* [Aim of the exercise]:
Beginning at the line that contains "微信QQ锁屏通知不显示头像 - Apple 社区", return every remaining line of the data below exactly; return nothing before it.
=======
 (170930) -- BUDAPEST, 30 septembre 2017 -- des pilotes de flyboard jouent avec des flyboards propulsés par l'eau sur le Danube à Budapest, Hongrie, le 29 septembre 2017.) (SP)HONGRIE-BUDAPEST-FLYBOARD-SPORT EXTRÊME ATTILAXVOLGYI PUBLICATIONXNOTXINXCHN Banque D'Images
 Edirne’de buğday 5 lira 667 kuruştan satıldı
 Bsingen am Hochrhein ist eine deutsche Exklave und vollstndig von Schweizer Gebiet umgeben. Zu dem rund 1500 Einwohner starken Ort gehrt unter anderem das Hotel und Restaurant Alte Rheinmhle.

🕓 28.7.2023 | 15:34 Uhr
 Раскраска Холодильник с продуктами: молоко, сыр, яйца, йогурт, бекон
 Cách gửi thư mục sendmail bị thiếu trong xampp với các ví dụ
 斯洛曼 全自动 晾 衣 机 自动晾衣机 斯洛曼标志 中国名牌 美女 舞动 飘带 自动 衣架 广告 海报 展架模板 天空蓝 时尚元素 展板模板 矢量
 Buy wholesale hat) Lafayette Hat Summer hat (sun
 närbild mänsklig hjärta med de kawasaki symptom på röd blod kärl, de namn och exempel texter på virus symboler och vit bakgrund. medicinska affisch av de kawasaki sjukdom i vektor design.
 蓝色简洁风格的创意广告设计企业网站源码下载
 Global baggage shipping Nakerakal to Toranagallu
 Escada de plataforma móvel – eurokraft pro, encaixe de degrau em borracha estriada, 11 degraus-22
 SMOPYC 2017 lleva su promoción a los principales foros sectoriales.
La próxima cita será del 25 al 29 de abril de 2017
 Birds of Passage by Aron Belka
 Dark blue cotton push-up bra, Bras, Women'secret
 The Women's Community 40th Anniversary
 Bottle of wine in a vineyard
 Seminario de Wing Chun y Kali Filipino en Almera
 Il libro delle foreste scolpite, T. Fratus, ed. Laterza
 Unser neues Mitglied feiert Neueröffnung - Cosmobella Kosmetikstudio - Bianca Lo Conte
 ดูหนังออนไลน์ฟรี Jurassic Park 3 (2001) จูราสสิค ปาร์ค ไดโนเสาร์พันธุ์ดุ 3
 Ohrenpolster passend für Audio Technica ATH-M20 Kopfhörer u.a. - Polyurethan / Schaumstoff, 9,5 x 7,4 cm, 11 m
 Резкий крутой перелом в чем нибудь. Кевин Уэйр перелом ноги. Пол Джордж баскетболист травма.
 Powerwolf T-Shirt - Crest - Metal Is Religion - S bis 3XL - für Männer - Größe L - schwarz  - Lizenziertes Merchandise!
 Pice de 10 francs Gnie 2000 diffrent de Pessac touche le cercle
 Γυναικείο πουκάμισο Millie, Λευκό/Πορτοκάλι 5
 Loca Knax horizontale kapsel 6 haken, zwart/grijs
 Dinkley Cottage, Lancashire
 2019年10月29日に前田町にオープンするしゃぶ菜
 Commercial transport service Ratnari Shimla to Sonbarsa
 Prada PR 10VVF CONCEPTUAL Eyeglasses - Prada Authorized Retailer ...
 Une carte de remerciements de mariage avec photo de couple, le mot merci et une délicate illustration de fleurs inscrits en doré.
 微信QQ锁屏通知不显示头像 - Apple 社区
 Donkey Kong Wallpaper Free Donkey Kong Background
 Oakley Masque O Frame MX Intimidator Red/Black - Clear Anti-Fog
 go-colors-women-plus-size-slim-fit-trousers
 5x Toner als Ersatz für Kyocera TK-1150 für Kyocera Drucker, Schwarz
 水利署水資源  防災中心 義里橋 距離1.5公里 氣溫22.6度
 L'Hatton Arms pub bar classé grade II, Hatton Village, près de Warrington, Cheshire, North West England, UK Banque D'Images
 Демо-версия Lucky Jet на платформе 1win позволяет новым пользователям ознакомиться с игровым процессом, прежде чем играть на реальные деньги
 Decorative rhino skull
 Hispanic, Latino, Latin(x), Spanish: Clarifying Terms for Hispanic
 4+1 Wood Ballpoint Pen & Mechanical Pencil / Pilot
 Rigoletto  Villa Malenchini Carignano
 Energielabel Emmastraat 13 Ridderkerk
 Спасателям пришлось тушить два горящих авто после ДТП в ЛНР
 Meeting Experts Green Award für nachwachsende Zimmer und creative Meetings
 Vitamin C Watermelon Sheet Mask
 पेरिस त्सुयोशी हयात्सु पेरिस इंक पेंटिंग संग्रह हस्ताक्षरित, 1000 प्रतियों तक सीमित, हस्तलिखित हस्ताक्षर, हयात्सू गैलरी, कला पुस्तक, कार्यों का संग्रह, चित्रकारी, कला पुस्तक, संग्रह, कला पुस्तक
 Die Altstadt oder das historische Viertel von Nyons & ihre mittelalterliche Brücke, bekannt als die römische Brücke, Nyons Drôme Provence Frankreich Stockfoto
=======
* [Answer space]:
 微信QQ锁屏通知不显示头像 - Apple 社区
 Donkey Kong Wallpaper Free Donkey Kong Background
 Oakley Masque O Frame MX Intimidator Red/Black - Clear Anti-Fog
 go-colors-women-plus-size-slim-fit-trousers
 5x Toner als Ersatz für Kyocera TK-1150 für Kyocera Drucker, Schwarz
 水利署水資源  防災中心 義里橋 距離1.5公里 氣溫22.6度
 L'Hatton Arms pub bar classé grade II, Hatton Village, près de Warrington, Cheshire, North West England, UK Banque D'Images
 Демо-версия Lucky Jet на платформе 1win позволяет новым пользователям ознакомиться с игровым процессом, прежде чем играть на реальные деньги
 Decorative rhino skull
 Hispanic, Latino, Latin(x), Spanish: Clarifying Terms for Hispanic
 4+1 Wood Ballpoint Pen & Mechanical Pencil / Pilot
 Rigoletto  Villa Malenchini Carignano
 Energielabel Emmastraat 13 Ridderkerk
 Спасателям пришлось тушить два горящих авто после ДТП в ЛНР
 Meeting Experts Green Award für nachwachsende Zimmer und creative Meetings
 Vitamin C Watermelon Sheet Mask
 पेरिस त्सुयोशी हयात्सु पेरिस इंक पेंटिंग संग्रह हस्ताक्षरित, 1000 प्रतियों तक सीमित, हस्तलिखित हस्ताक्षर, हयात्सू गैलरी, कला पुस्तक, कार्यों का संग्रह, चित्रकारी, कला पुस्तक, संग्रह, कला पुस्तक
 Die Altstadt oder das historische Viertel von Nyons & ihre mittelalterliche Brücke, bekannt als die römische Brücke, Nyons Drôme Provence Frankreich Stockfoto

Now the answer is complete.